▶ EXERCISE AIM
Would you return the data exactly as given, except for its pictures?

▶ DATASET EXTRACT
■ ■ ■ ■ ■

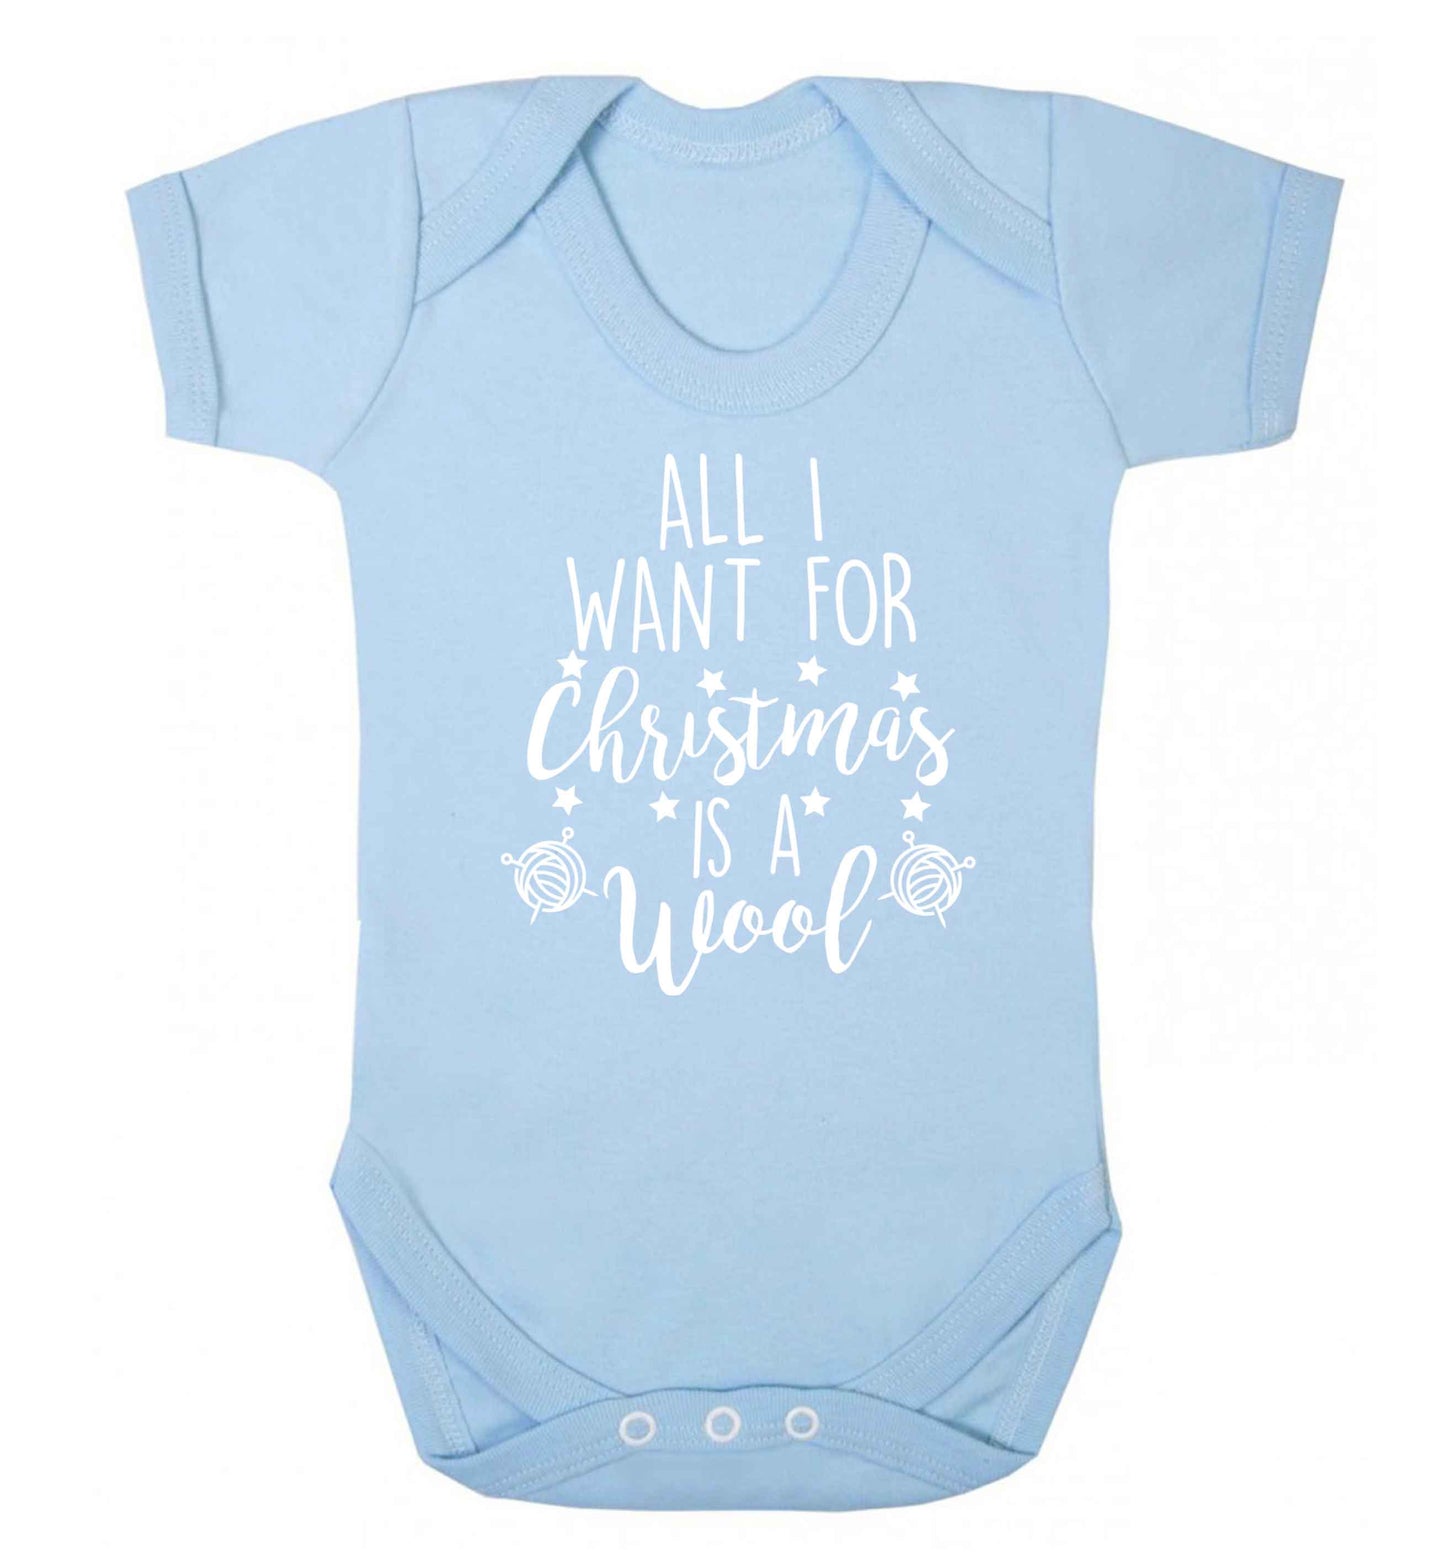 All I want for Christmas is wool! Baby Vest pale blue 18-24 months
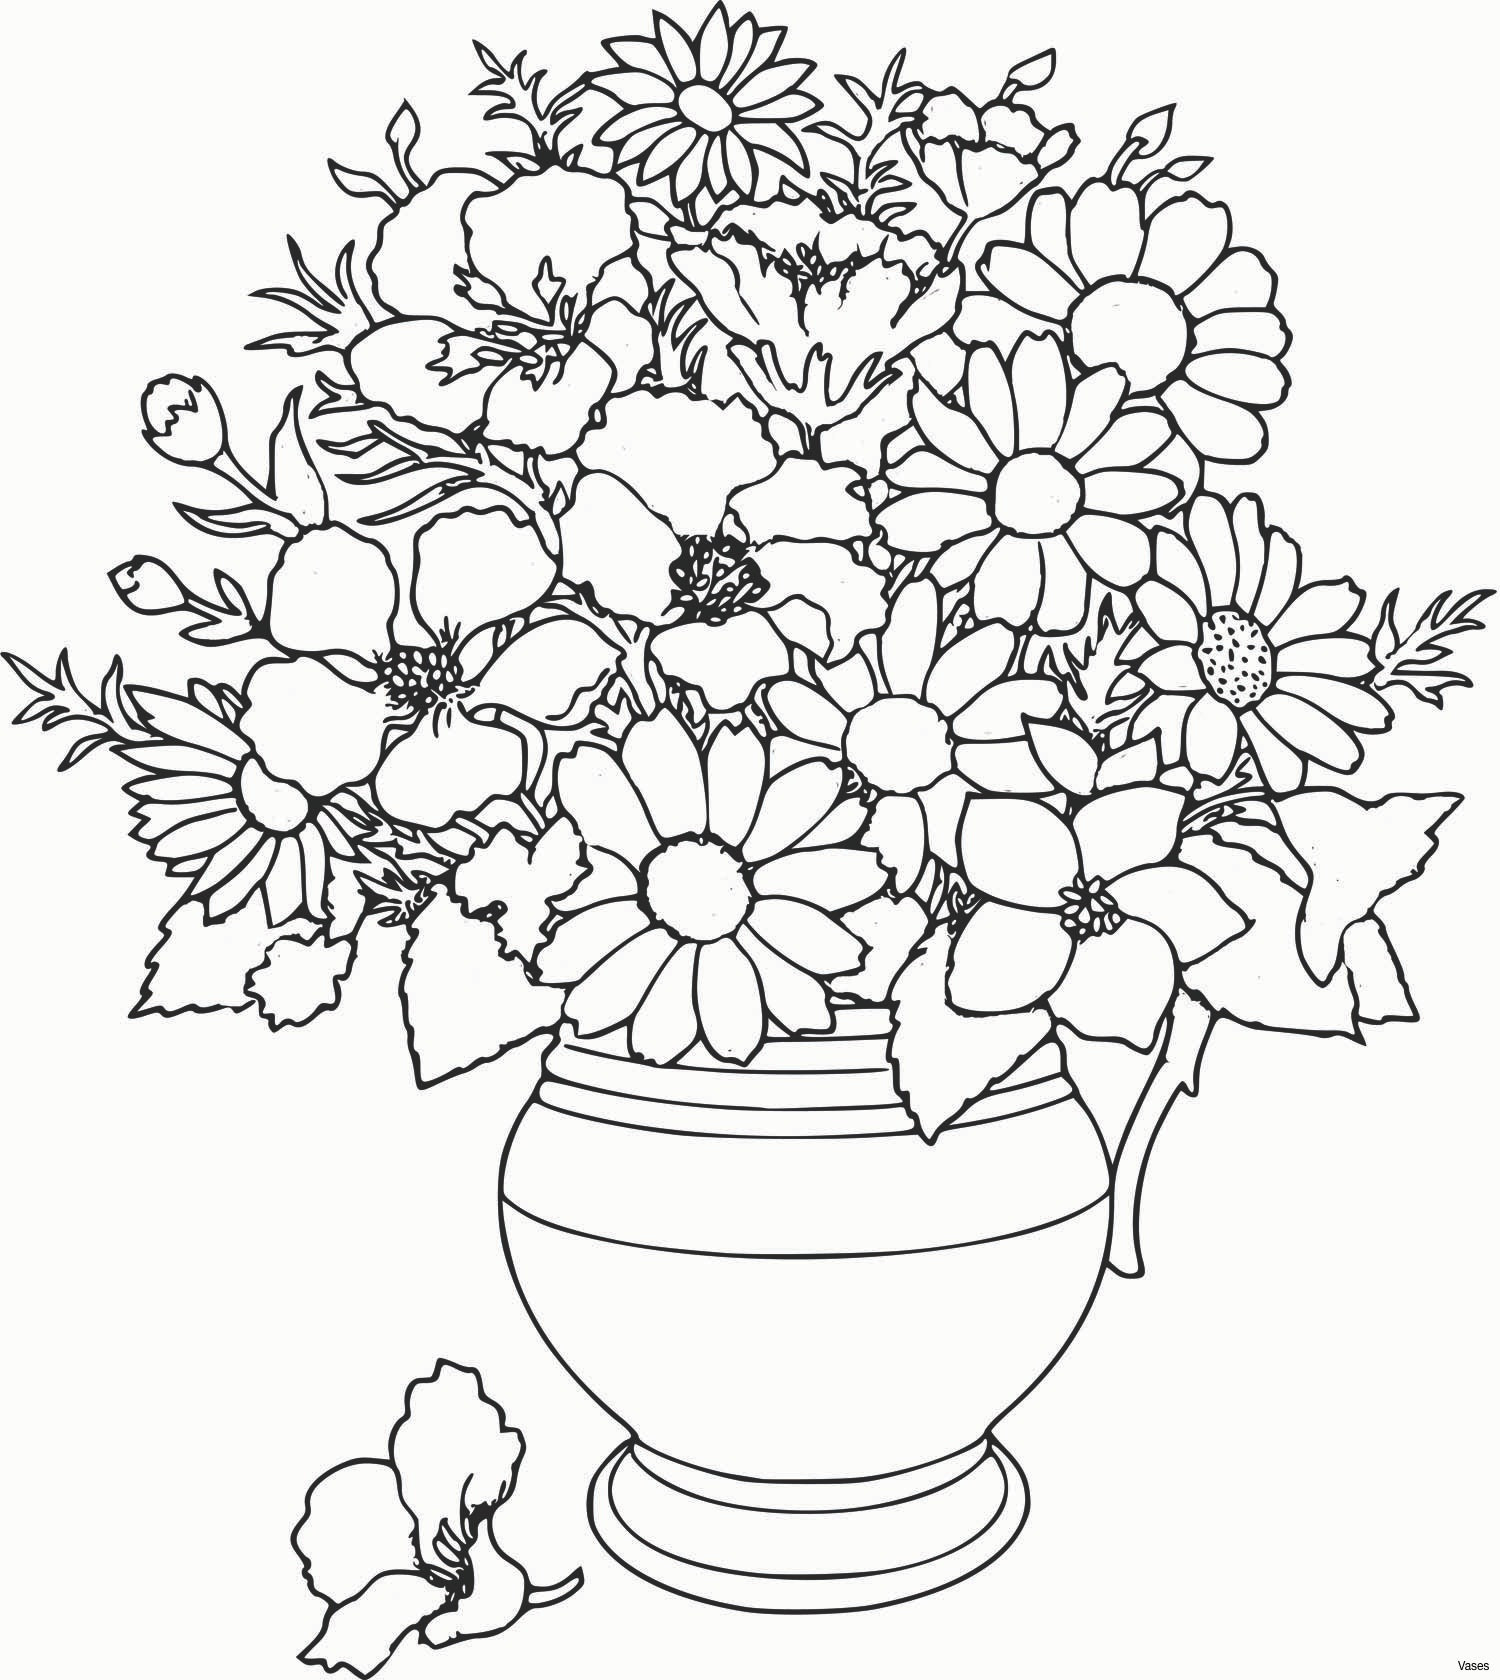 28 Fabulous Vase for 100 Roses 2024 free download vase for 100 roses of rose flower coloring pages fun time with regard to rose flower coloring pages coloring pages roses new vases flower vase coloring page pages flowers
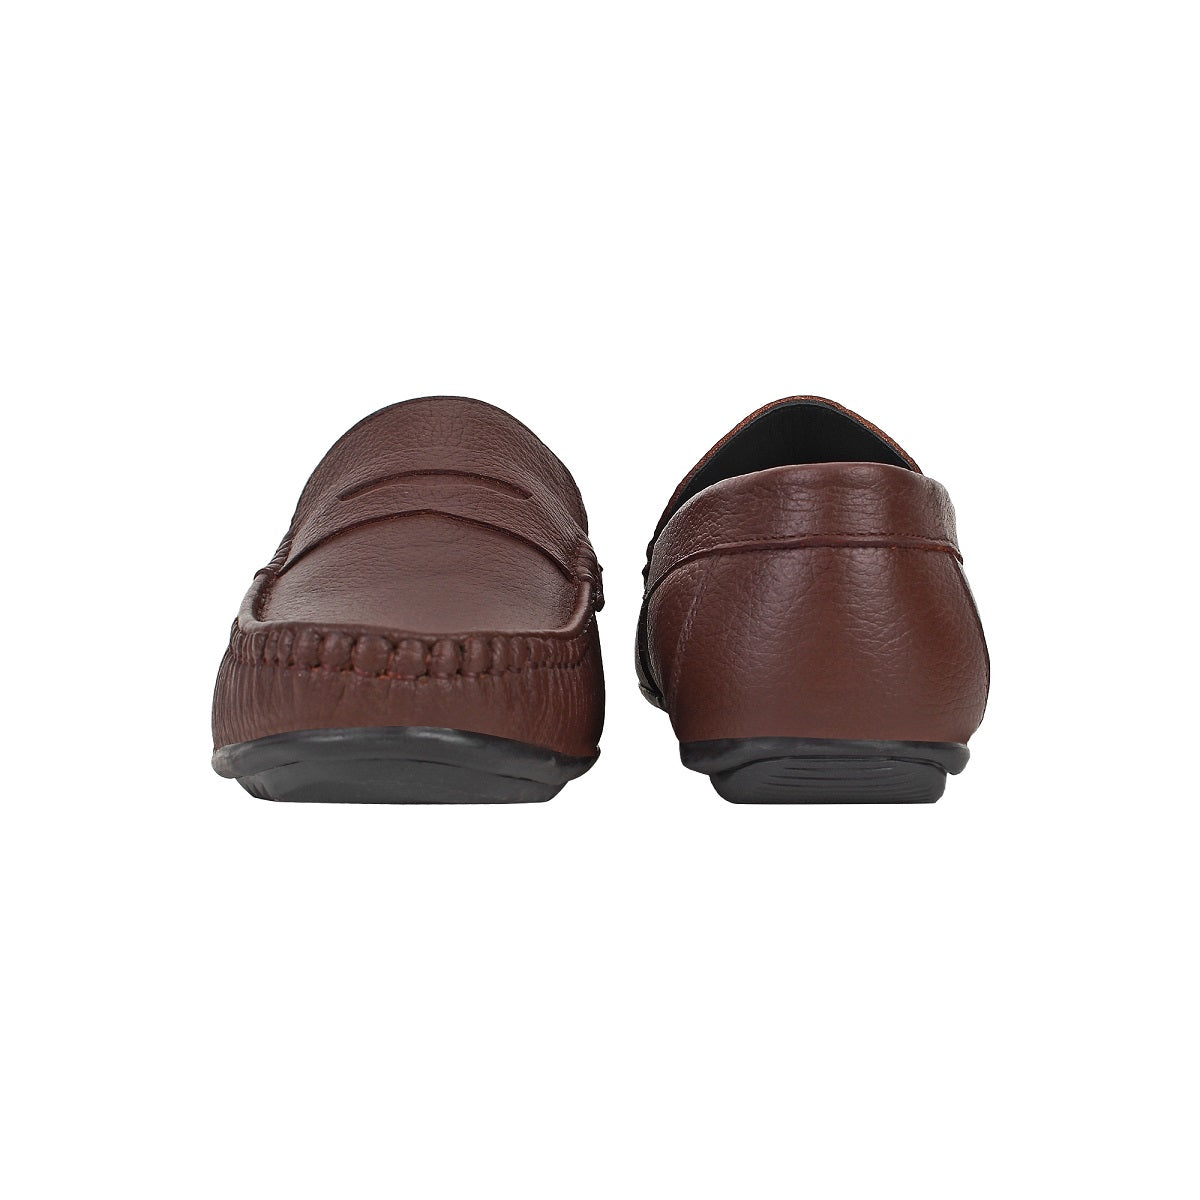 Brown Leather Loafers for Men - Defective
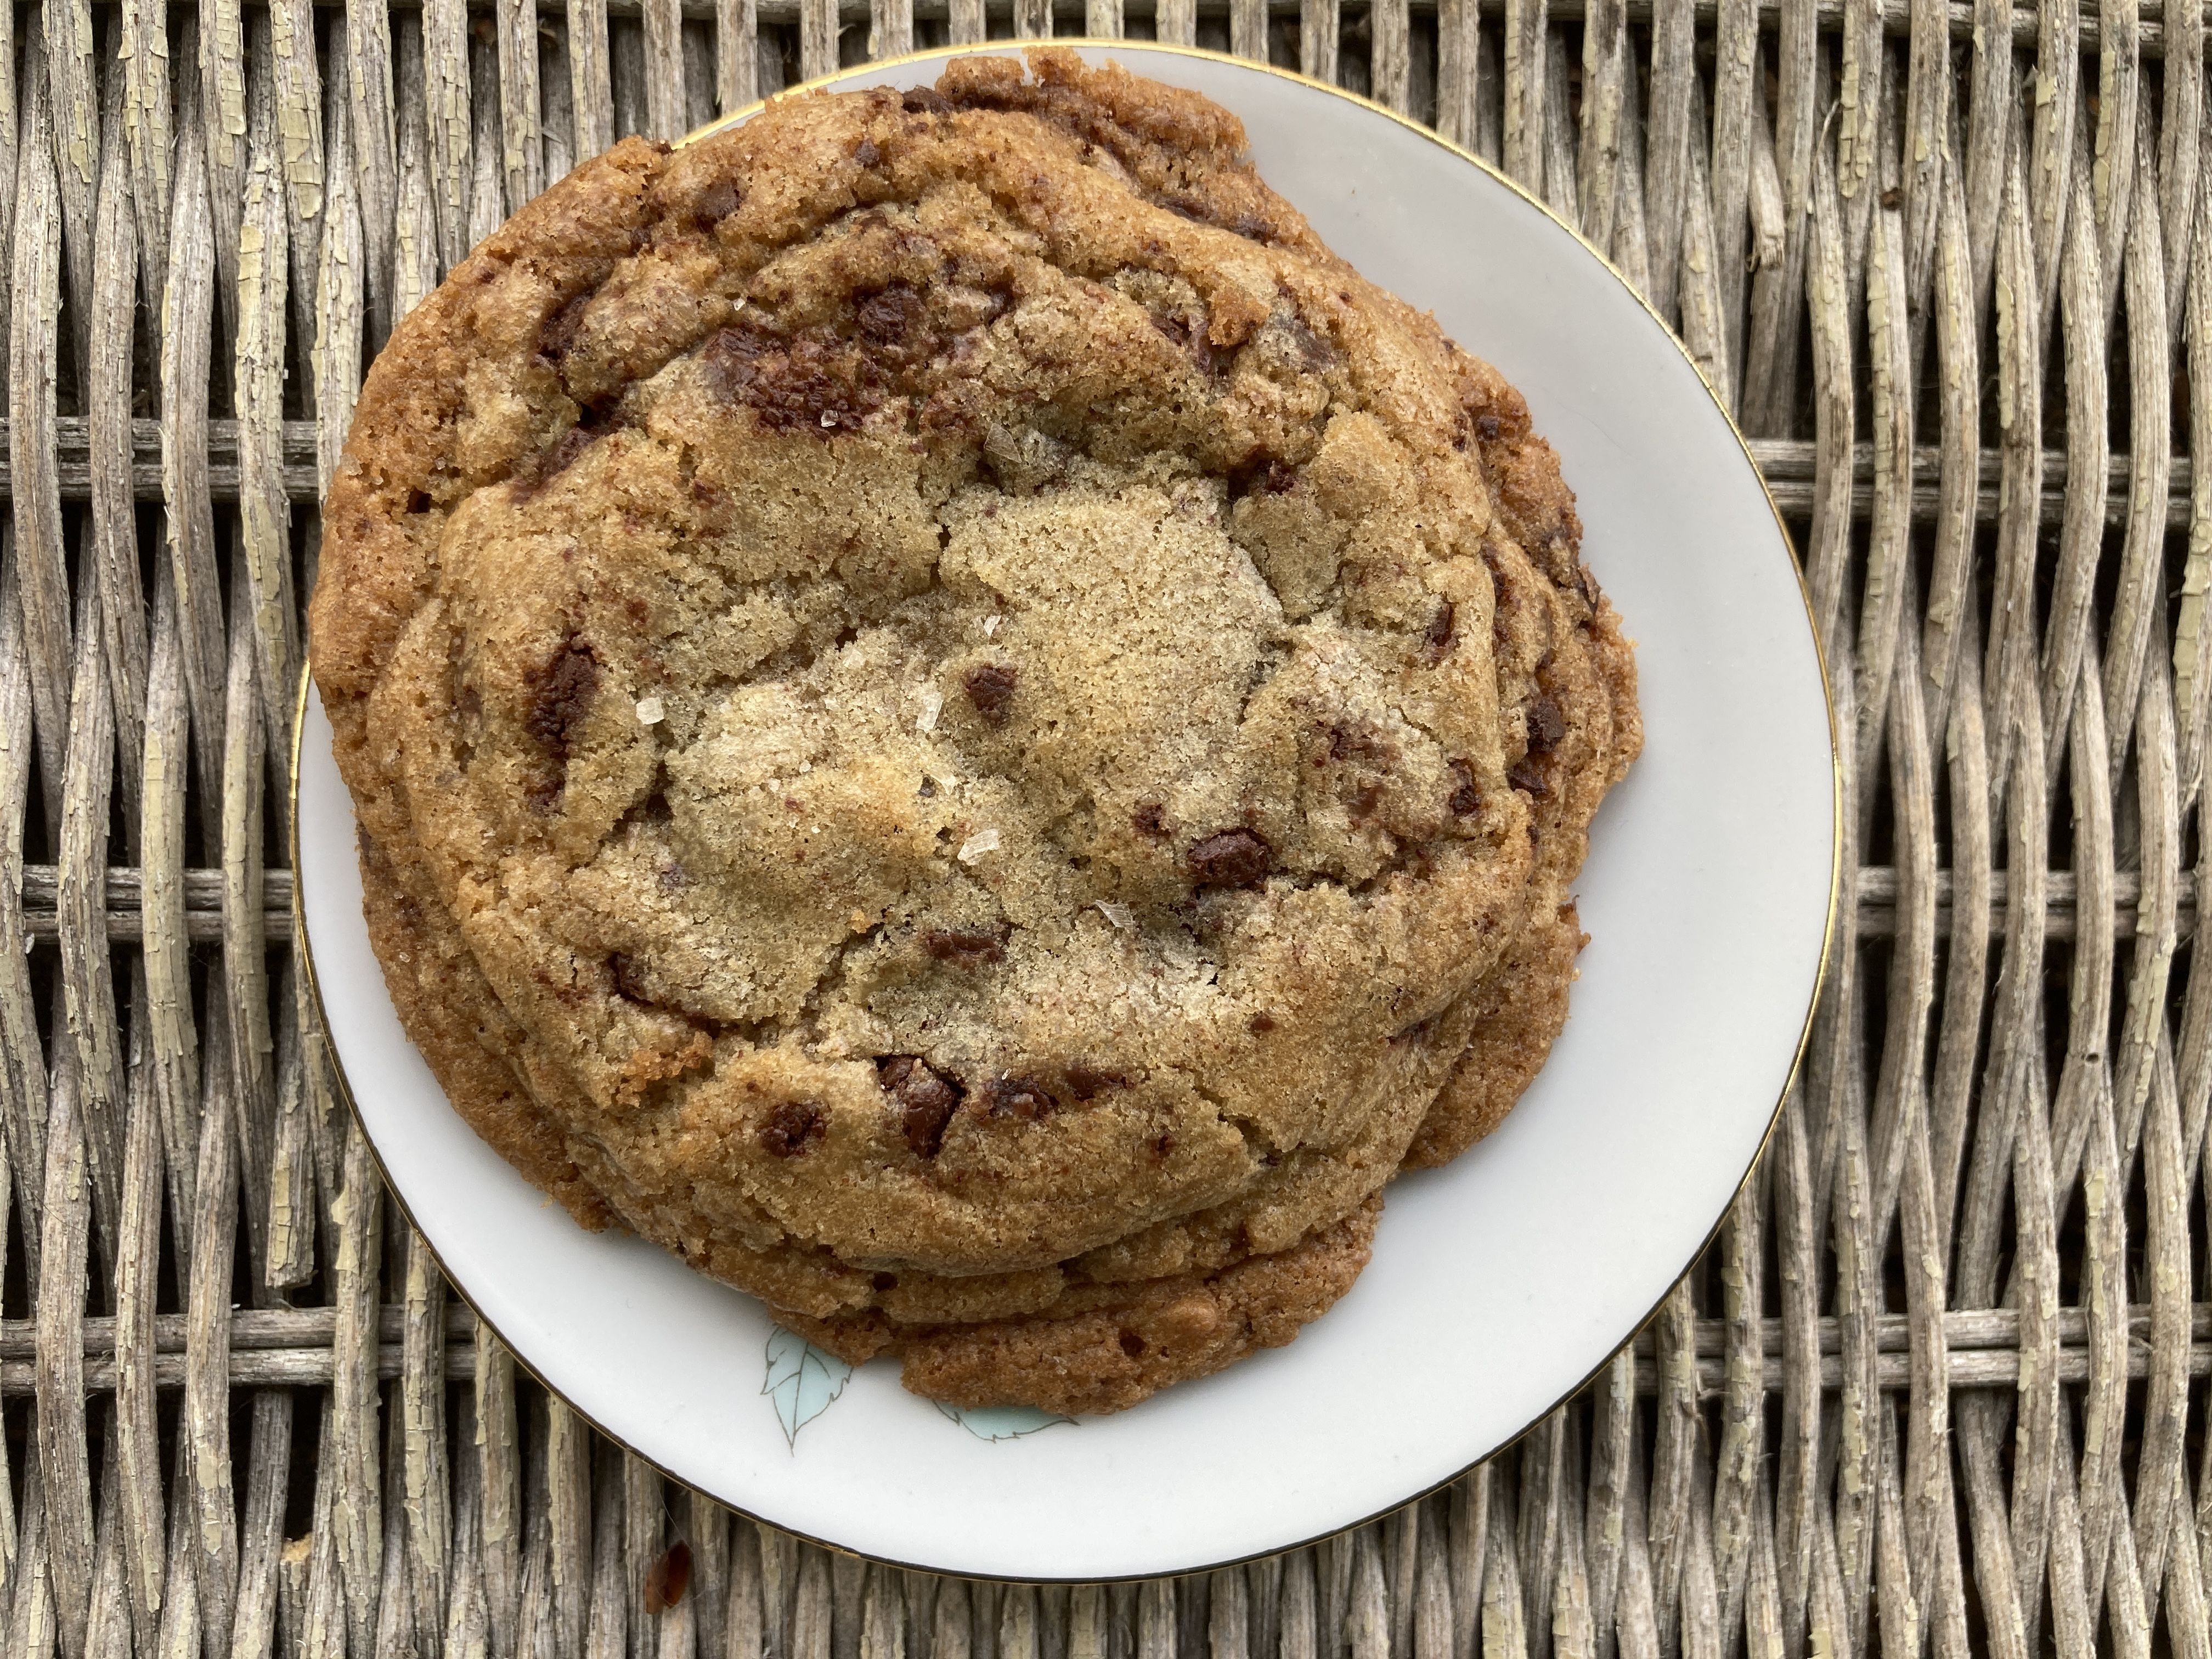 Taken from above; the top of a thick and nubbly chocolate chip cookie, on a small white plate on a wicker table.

■ ■ ■ ■ ■

▶ PROBLEM SOLUTION
 All I want for Christmas is wool! Baby Vest pale blue 18-24 months
 28 Fabulous Vase for 100 Roses 2024 free download vase for 100 roses of rose flower coloring pages fun time with regard to rose flower coloring pages coloring pages roses new vases flower vase coloring page pages flowers
 Brown Leather Loafers for Men - Defective
 Taken from above; the top of a thick and nubbly chocolate chip cookie, on a small white plate on a wicker table.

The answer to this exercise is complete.